*** Begin section ***

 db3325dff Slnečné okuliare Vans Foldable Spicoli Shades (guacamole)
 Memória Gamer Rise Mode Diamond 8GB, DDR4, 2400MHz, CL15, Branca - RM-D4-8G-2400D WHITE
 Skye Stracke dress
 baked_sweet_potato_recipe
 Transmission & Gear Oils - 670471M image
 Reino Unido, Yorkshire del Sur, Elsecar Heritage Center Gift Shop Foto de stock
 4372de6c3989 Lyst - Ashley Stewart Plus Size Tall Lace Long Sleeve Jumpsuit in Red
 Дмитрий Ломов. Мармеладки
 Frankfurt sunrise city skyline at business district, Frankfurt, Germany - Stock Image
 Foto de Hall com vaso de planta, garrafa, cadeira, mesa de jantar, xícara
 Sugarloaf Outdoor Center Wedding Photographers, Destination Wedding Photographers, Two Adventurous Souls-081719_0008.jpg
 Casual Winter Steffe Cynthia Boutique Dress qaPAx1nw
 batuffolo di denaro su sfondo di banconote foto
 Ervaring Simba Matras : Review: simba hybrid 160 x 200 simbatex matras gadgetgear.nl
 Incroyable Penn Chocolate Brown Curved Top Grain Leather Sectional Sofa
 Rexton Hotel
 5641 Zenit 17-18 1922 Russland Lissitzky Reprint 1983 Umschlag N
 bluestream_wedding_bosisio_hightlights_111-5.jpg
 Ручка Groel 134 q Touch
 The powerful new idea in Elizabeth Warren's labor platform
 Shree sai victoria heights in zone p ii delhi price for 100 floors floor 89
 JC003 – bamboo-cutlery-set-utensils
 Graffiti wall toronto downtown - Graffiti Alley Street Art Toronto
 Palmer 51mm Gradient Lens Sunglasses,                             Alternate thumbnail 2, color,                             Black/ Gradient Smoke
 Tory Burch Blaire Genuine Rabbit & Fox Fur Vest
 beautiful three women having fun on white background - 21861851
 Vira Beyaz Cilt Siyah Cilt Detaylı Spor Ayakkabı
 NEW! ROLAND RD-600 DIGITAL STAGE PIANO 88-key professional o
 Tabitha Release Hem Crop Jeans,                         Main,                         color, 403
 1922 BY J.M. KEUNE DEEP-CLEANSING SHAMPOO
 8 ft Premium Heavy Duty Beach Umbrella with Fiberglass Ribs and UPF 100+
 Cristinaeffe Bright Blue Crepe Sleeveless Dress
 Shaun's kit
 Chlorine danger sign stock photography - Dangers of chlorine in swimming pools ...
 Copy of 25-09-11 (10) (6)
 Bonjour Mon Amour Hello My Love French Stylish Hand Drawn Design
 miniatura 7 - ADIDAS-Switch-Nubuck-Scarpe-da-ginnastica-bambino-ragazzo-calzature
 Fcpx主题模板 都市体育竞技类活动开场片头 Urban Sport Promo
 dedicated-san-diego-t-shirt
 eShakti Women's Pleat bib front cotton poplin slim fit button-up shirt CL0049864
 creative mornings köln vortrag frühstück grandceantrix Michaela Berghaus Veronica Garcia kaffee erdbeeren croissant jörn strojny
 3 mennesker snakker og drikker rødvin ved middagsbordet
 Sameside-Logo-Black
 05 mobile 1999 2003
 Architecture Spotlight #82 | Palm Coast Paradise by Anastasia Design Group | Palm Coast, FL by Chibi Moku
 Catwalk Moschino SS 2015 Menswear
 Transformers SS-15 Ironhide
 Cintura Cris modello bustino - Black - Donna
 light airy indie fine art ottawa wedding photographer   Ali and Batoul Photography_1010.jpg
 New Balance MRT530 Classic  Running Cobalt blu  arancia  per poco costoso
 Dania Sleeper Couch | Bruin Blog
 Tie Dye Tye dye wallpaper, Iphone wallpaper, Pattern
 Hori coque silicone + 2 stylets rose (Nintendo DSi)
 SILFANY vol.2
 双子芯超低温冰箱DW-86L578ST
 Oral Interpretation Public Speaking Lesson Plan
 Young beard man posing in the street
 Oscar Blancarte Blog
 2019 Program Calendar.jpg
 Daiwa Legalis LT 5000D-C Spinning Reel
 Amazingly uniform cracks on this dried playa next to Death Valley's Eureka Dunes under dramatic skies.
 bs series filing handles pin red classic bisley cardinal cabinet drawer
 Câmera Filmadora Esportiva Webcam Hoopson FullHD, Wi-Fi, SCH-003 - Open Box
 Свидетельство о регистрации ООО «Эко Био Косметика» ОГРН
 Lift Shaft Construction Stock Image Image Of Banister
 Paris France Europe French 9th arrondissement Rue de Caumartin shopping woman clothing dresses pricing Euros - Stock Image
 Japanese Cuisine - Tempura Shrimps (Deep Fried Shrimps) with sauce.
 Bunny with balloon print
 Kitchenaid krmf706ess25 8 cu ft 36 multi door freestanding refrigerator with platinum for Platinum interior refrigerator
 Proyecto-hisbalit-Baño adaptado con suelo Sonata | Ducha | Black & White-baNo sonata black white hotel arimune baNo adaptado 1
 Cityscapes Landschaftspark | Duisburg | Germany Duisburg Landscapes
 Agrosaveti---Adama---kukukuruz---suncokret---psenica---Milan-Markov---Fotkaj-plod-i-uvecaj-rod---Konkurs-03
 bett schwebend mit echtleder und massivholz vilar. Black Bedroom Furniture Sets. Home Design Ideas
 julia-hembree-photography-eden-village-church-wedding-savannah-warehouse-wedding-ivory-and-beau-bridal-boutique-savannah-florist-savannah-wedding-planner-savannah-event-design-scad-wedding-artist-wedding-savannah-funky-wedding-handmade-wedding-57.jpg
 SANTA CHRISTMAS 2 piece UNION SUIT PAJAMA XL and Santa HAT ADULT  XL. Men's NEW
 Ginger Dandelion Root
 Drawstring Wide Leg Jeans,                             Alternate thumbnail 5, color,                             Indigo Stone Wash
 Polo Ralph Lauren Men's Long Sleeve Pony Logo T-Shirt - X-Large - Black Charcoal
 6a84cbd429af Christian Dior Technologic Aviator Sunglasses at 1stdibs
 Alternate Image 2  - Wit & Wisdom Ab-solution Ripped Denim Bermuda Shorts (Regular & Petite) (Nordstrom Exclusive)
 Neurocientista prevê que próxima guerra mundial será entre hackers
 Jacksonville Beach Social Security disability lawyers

*** End section ***

◆ **Assignment**:
Give the whole listing again, character for character.

◆ **Solved problem**:
 db3325dff Slnečné okuliare Vans Foldable Spicoli Shades (guacamole)
 Memória Gamer Rise Mode Diamond 8GB, DDR4, 2400MHz, CL15, Branca - RM-D4-8G-2400D WHITE
 Skye Stracke dress
 baked_sweet_potato_recipe
 Transmission & Gear Oils - 670471M image
 Reino Unido, Yorkshire del Sur, Elsecar Heritage Center Gift Shop Foto de stock
 4372de6c3989 Lyst - Ashley Stewart Plus Size Tall Lace Long Sleeve Jumpsuit in Red
 Дмитрий Ломов. Мармеладки
 Frankfurt sunrise city skyline at business district, Frankfurt, Germany - Stock Image
 Foto de Hall com vaso de planta, garrafa, cadeira, mesa de jantar, xícara
 Sugarloaf Outdoor Center Wedding Photographers, Destination Wedding Photographers, Two Adventurous Souls-081719_0008.jpg
 Casual Winter Steffe Cynthia Boutique Dress qaPAx1nw
 batuffolo di denaro su sfondo di banconote foto
 Ervaring Simba Matras : Review: simba hybrid 160 x 200 simbatex matras gadgetgear.nl
 Incroyable Penn Chocolate Brown Curved Top Grain Leather Sectional Sofa
 Rexton Hotel
 5641 Zenit 17-18 1922 Russland Lissitzky Reprint 1983 Umschlag N
 bluestream_wedding_bosisio_hightlights_111-5.jpg
 Ручка Groel 134 q Touch
 The powerful new idea in Elizabeth Warren's labor platform
 Shree sai victoria heights in zone p ii delhi price for 100 floors floor 89
 JC003 – bamboo-cutlery-set-utensils
 Graffiti wall toronto downtown - Graffiti Alley Street Art Toronto
 Palmer 51mm Gradient Lens Sunglasses,                             Alternate thumbnail 2, color,                             Black/ Gradient Smoke
 Tory Burch Blaire Genuine Rabbit & Fox Fur Vest
 beautiful three women having fun on white background - 21861851
 Vira Beyaz Cilt Siyah Cilt Detaylı Spor Ayakkabı
 NEW! ROLAND RD-600 DIGITAL STAGE PIANO 88-key professional o
 Tabitha Release Hem Crop Jeans,                         Main,                         color, 403
 1922 BY J.M. KEUNE DEEP-CLEANSING SHAMPOO
 8 ft Premium Heavy Duty Beach Umbrella with Fiberglass Ribs and UPF 100+
 Cristinaeffe Bright Blue Crepe Sleeveless Dress
 Shaun's kit
 Chlorine danger sign stock photography - Dangers of chlorine in swimming pools ...
 Copy of 25-09-11 (10) (6)
 Bonjour Mon Amour Hello My Love French Stylish Hand Drawn Design
 miniatura 7 - ADIDAS-Switch-Nubuck-Scarpe-da-ginnastica-bambino-ragazzo-calzature
 Fcpx主题模板 都市体育竞技类活动开场片头 Urban Sport Promo
 dedicated-san-diego-t-shirt
 eShakti Women's Pleat bib front cotton poplin slim fit button-up shirt CL0049864
 creative mornings köln vortrag frühstück grandceantrix Michaela Berghaus Veronica Garcia kaffee erdbeeren croissant jörn strojny
 3 mennesker snakker og drikker rødvin ved middagsbordet
 Sameside-Logo-Black
 05 mobile 1999 2003
 Architecture Spotlight #82 | Palm Coast Paradise by Anastasia Design Group | Palm Coast, FL by Chibi Moku
 Catwalk Moschino SS 2015 Menswear
 Transformers SS-15 Ironhide
 Cintura Cris modello bustino - Black - Donna
 light airy indie fine art ottawa wedding photographer   Ali and Batoul Photography_1010.jpg
 New Balance MRT530 Classic  Running Cobalt blu  arancia  per poco costoso
 Dania Sleeper Couch | Bruin Blog
 Tie Dye Tye dye wallpaper, Iphone wallpaper, Pattern
 Hori coque silicone + 2 stylets rose (Nintendo DSi)
 SILFANY vol.2
 双子芯超低温冰箱DW-86L578ST
 Oral Interpretation Public Speaking Lesson Plan
 Young beard man posing in the street
 Oscar Blancarte Blog
 2019 Program Calendar.jpg
 Daiwa Legalis LT 5000D-C Spinning Reel
 Amazingly uniform cracks on this dried playa next to Death Valley's Eureka Dunes under dramatic skies.
 bs series filing handles pin red classic bisley cardinal cabinet drawer
 Câmera Filmadora Esportiva Webcam Hoopson FullHD, Wi-Fi, SCH-003 - Open Box
 Свидетельство о регистрации ООО «Эко Био Косметика» ОГРН
 Lift Shaft Construction Stock Image Image Of Banister
 Paris France Europe French 9th arrondissement Rue de Caumartin shopping woman clothing dresses pricing Euros - Stock Image
 Japanese Cuisine - Tempura Shrimps (Deep Fried Shrimps) with sauce.
 Bunny with balloon print
 Kitchenaid krmf706ess25 8 cu ft 36 multi door freestanding refrigerator with platinum for Platinum interior refrigerator
 Proyecto-hisbalit-Baño adaptado con suelo Sonata | Ducha | Black & White-baNo sonata black white hotel arimune baNo adaptado 1
 Cityscapes Landschaftspark | Duisburg | Germany Duisburg Landscapes
 Agrosaveti---Adama---kukukuruz---suncokret---psenica---Milan-Markov---Fotkaj-plod-i-uvecaj-rod---Konkurs-03
 bett schwebend mit echtleder und massivholz vilar. Black Bedroom Furniture Sets. Home Design Ideas
 julia-hembree-photography-eden-village-church-wedding-savannah-warehouse-wedding-ivory-and-beau-bridal-boutique-savannah-florist-savannah-wedding-planner-savannah-event-design-scad-wedding-artist-wedding-savannah-funky-wedding-handmade-wedding-57.jpg
 SANTA CHRISTMAS 2 piece UNION SUIT PAJAMA XL and Santa HAT ADULT  XL. Men's NEW
 Ginger Dandelion Root
 Drawstring Wide Leg Jeans,                             Alternate thumbnail 5, color,                             Indigo Stone Wash
 Polo Ralph Lauren Men's Long Sleeve Pony Logo T-Shirt - X-Large - Black Charcoal
 6a84cbd429af Christian Dior Technologic Aviator Sunglasses at 1stdibs
 Alternate Image 2  - Wit & Wisdom Ab-solution Ripped Denim Bermuda Shorts (Regular & Petite) (Nordstrom Exclusive)
 Neurocientista prevê que próxima guerra mundial será entre hackers
 Jacksonville Beach Social Security disability lawyers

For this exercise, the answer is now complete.